In deze zaak heeft de Rechtbank Amsterdam op 21 juli 2021 uitspraak gedaan in een geschil tussen eisers, die een AIO-aanvulling hebben aangevraagd, en de Raad van Bestuur van de Sociale Verzekeringsbank als verweerder. Eisers, die een uitkering op grond van de Algemene Ouderdomswet ontvangen, hebben hun aanvraag voor de AIO-aanvulling afgewezen zien worden omdat hun vermogen, inclusief een woning in Marokko, boven de toegestane grens ligt. De rechtbank heeft vastgesteld dat de waarde van de woning in Marokko, die door de eisers is getaxeerd op € 20.235,77, door de verweerder opnieuw is getaxeerd op € 18.000,-. Dit leidde tot de conclusie dat het totale vermogen van eisers boven de voor hen geldende vermogensgrens van € 12.450,- ligt.

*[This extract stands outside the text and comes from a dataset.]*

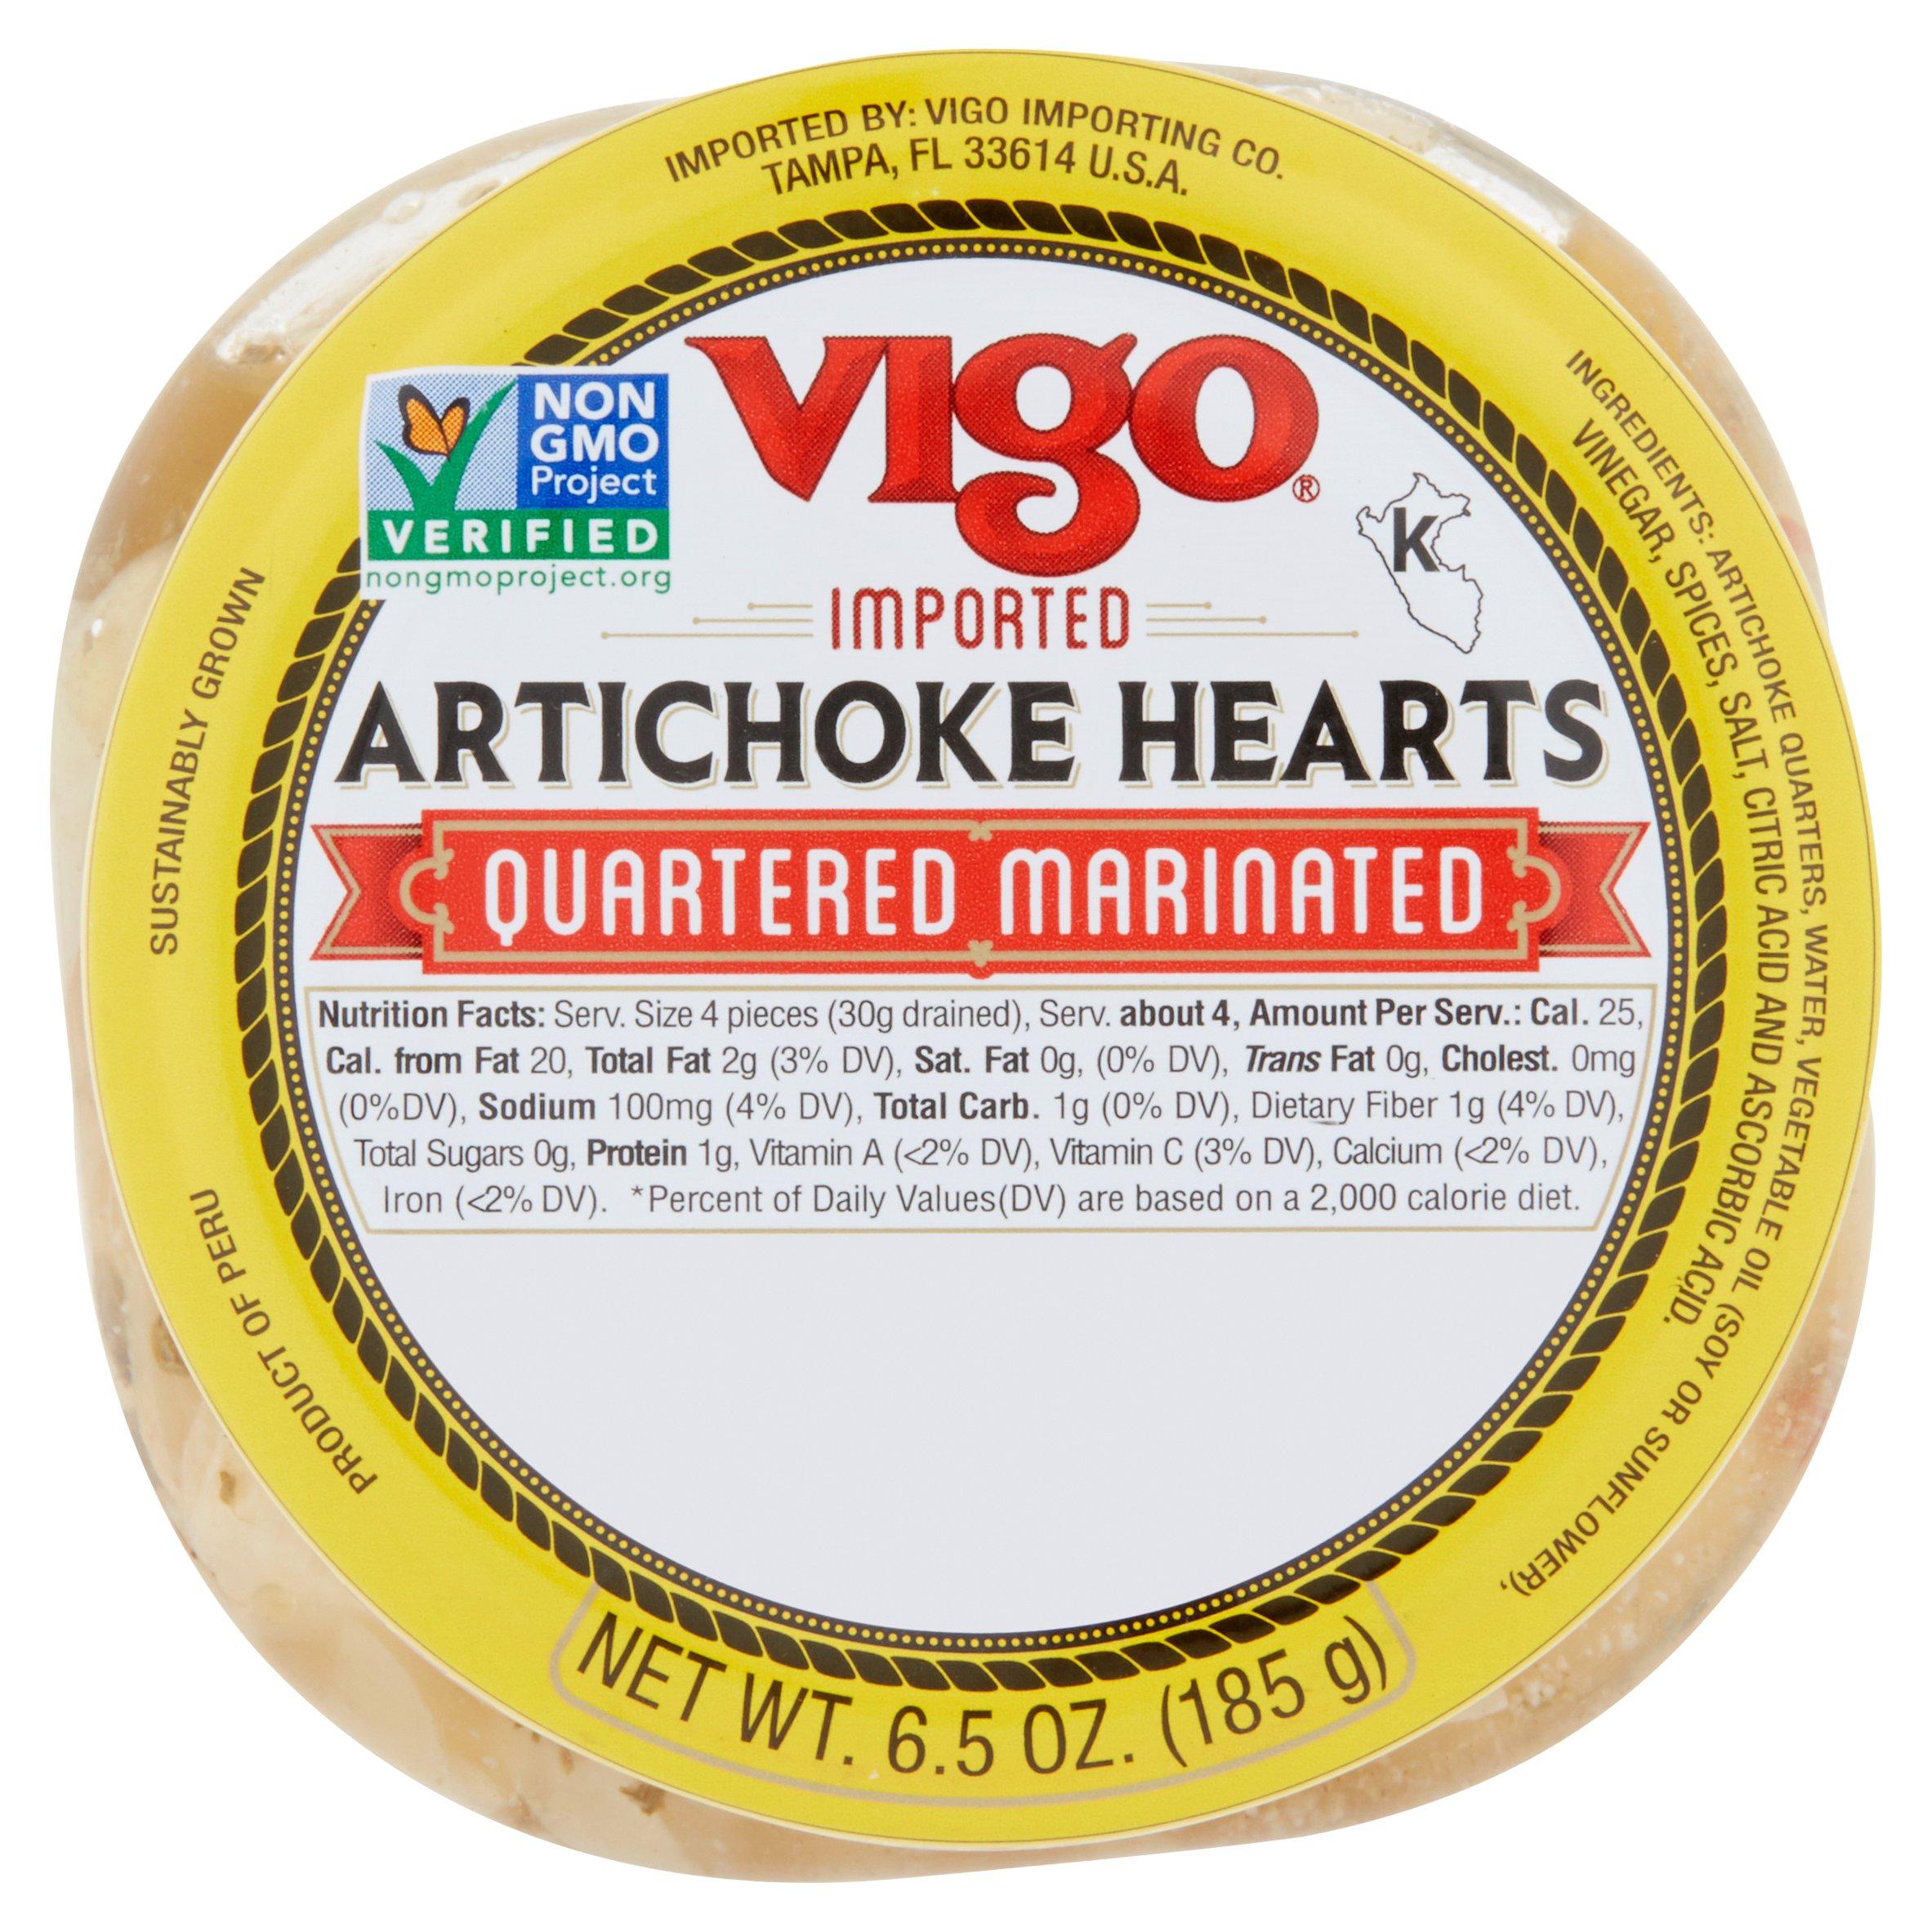 (6 Pack) Vigo Quartered Marinated Artichoke Hearts, 6.5 oz
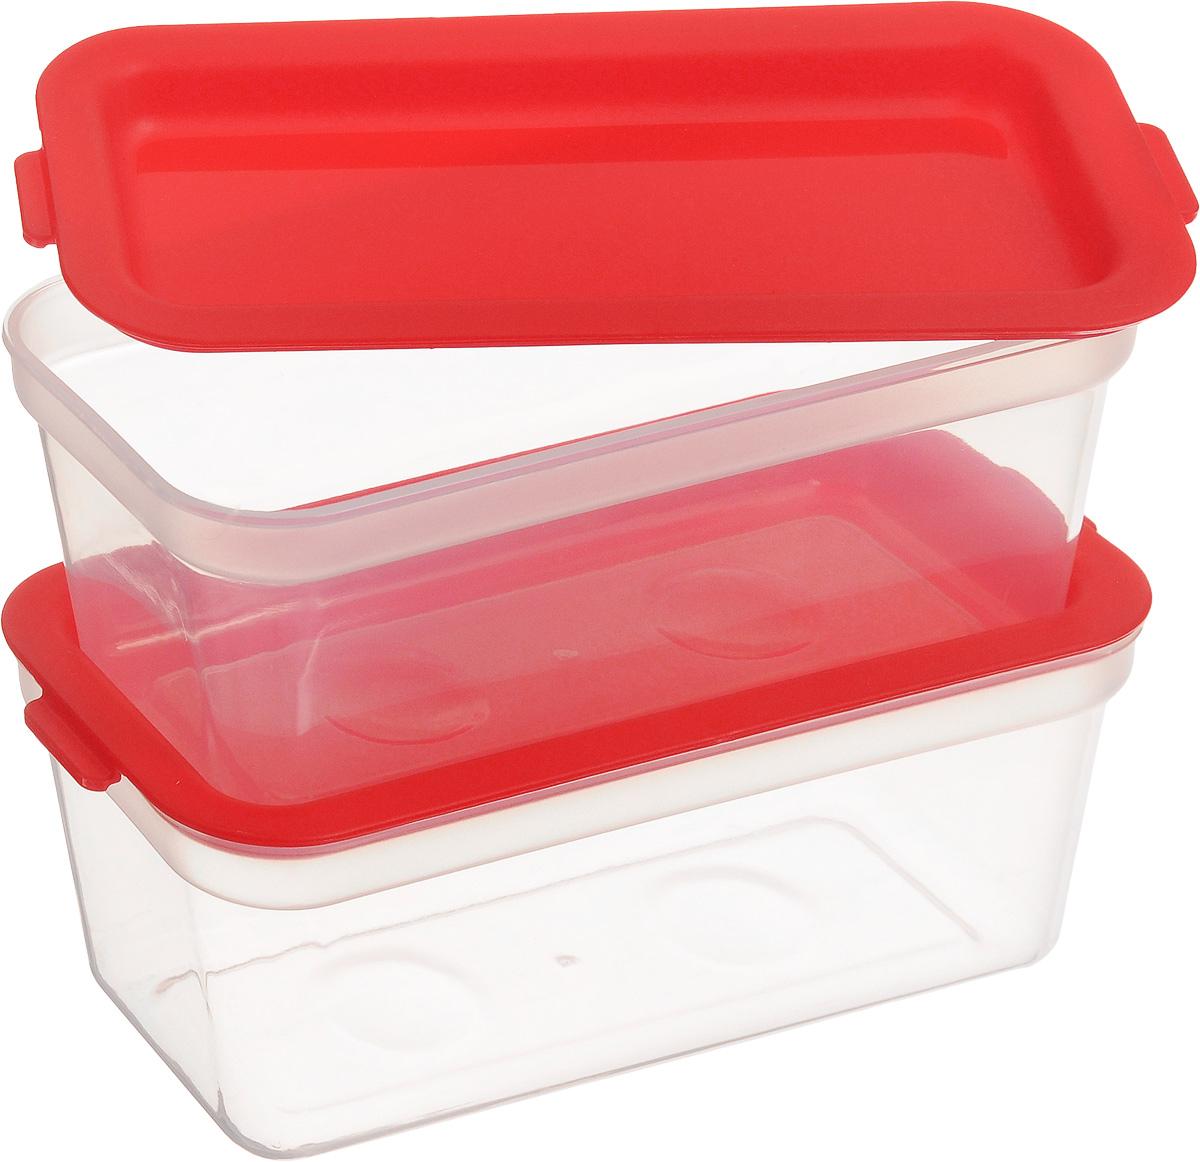 Набор контейнеров для заморозки Tescoma Purity, цвет: красный, прозрачный, 300 мл, 2 шт891876Набор Tescoma Purity, выполненный из высококачественного пищевого прозрачного пластика, состоит из двух контейнеров. Изделия предназначены для хранения и транспортировки пищи. Крышки легко открываются и плотно закрываются с помощью легкого щелчка. Контейнеры удобно складываются друг в друга, что экономит пространство при хранении в шкафу. Подходят для заморозки и для использования в микроволновой печи без крышки. Можно мыть в посудомоечной машине. Объем контейнера: 300 мл. Размеры: 13,5 х 6,5 х 6 см.

Eisers hebben betoogd dat de coronamaatregelen hen belemmerden in de verkoop van de woning aan hun dochter, maar de rechtbank oordeelde dat deze maatregelen buiten de te beoordelen periode vielen en daarom geen beletsel konden zijn. Daarnaast hebben eisers schulden gepresenteerd die zij bij hun kinderen hebben gemaakt voor de inrichting van hun woning in Nederland. De rechtbank oordeelde echter dat de hoogte van deze schulden onvoldoende was aangetoond en dat de onderbouwing van de geldleningen niet voldeed aan de vereisten. De rechtbank concludeerde dat eisers niet aannemelijk hebben gemaakt dat zij daadwerkelijk verplicht waren om deze leningen terug te betalen.
Uiteindelijk heeft de rechtbank het beroep van eisers ongegrond verklaard, waarbij zij oordeelde dat er geen aanleiding was voor een proceskostenveroordeling. De uitspraak is openbaar uitgesproken en partijen zijn geïnformeerd over de mogelijkheid tot hoger beroep bij de Centrale Raad van Beroep binnen zes weken na verzending van de uitspraak.